In Differential Phase Contrast (DPC) microscopy, we measure the center of mass shift vector field \(\mathbf{g}(r_x, r_y) = (\text{com}_x, \text{com}_y)\). This vector field should ideally be the gradient of a scalar phase:
\[\mathbf{g} = \nabla \phi = \left(\frac{\partial \phi}{\partial x}, \frac{\partial \phi}{\partial y}\right)\]In the ideal case, the curl is zero:
\[\nabla \times \mathbf{g} = \frac{\partial g_y}{\partial x} - \frac{\partial g_x}{\partial y} \approx 0\]This is because the curl of a gradient is always zero:
\[\nabla \times (\nabla f) = \mathbf{0}\]This is a fundamental vector calculus identity: the curl of any conservative vector field (one that can be written as the gradient of a function) is zero.
- What does it mean when curl is not zero in DPC?
When \(\nabla \times \mathbf{g} \neq 0\), the measured center of mass field is not conservative—it cannot be perfectly integrated to give a single-valued phase. This happens due to:
Measurement noise: Random errors in center of mass detection
Sample rotation: Physical misalignment between scan and detector coordinates
Non-ideal imaging conditions: Aberrations, multiple scattering
Software like Ophus computes the curl and finds the optimal rotation angle where \(\nabla \times \mathbf{g}\) becomes minimized. This aligns the coordinate systems and removes systematic errors before phase integration.
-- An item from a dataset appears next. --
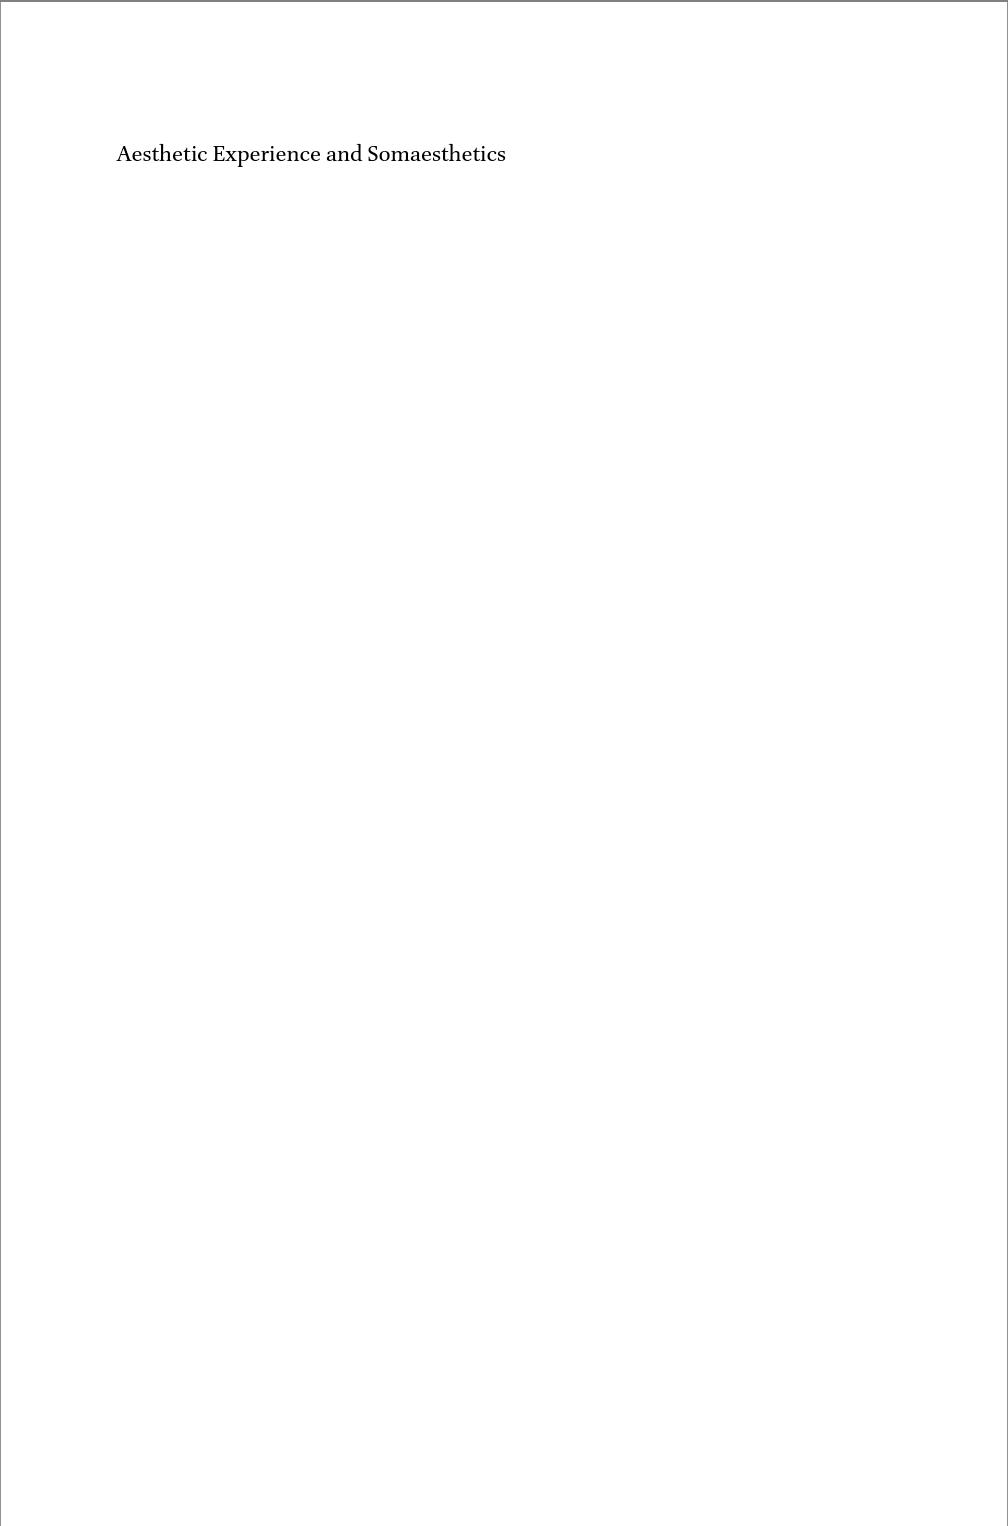 Screen Shot 2018-11-19 at 9.27.05 PM.png

- What is the phase from electrostatic potential?
The phase shift acquired by an electron passing through an electrostatic potential \(V(x,y,z)\) is:
\[\phi(x,y) = \sigma \int V(x,y,z)\,dz\]where \(\sigma\) is the interaction constant. This is the real-space reconstructed phase image that relates to the sample’s potential.
“Phase contrast” means large \(\phi\) corresponds to regions with stronger potential (higher atomic number \(Z\) or greater thickness).
- Properties of divergence and curl summary
Key identities:
\(\nabla \times (\nabla f) = \mathbf{0}\) — curl of a gradient is zero
\(\nabla \cdot (\nabla \times \mathbf{F}) = 0\) — divergence of a curl is zero
If \(\nabla \times \mathbf{F} = \mathbf{0}\) everywhere, then \(\mathbf{F} = \nabla \phi\) for some scalar \(\phi\) (conservative field)
These identities are fundamental to understanding why DPC works: we measure gradients (center of mass shifts) and integrate them back to get phase, but this only works perfectly when curl is zero.